Return to normal life is not impossible in Ukraine. Together with many other international donors, the EU continued supporting the country since the very beginning of the conflict. Specifically, to help in its recovery and reconstruction efforts, the Ukraine Facility was created to provide the country with up to €50 billion in stable and predictable financial support. Young people are ready to do their part. Still, their seat at the decision-making table cannot just be ad hoc: “Young people’s voices matter, their perspective, and insights on how to deal with reconstruction matter. It’s not enough just to invite them to the table: young people have a right to be there,” says Sven Coppens.

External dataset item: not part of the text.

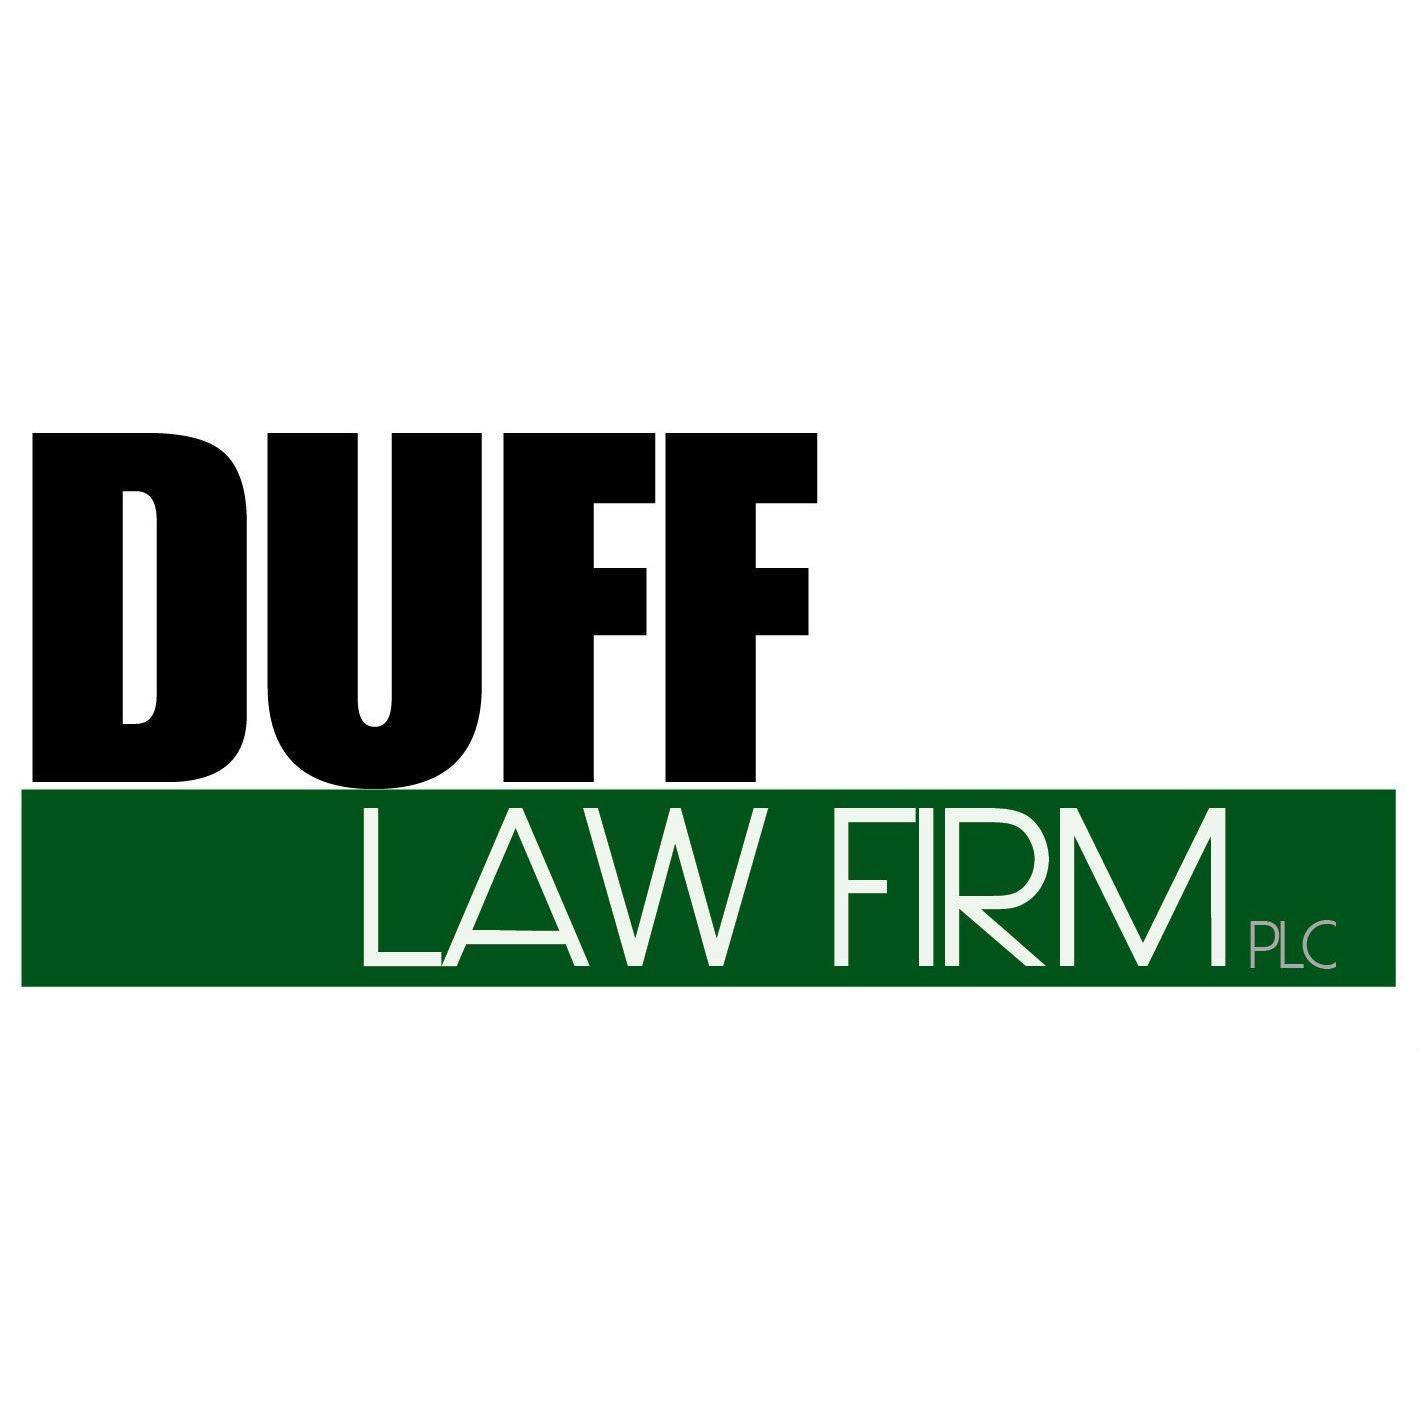 Duff Law Firm, P.L.C.

A vested interest in a peaceful future

A shift in mindset at the policy level needs to happen if we hope for a peaceful transition to stability and security in Ukraine: “When the war is over, young people from Ukraine will be essential to Ukraine’s reconstruction and recovery. Not only will they contribute to the country’s economic recovery and workforce that will physically rebuild damaged or destroyed infrastructure, their decisions on whether to return to Ukraine or where they used to live if internally displaced will directly impact the overall success of reintegration and post-conflict development plans.” (ActionAid International, 2022

Acknowledging the role that young people play is the first step towards recognising that Ukraine’s reconstruction and recovery will depend not only on financial support but also on the pivotal contribution that young Ukrainians are more than willing to make to their future.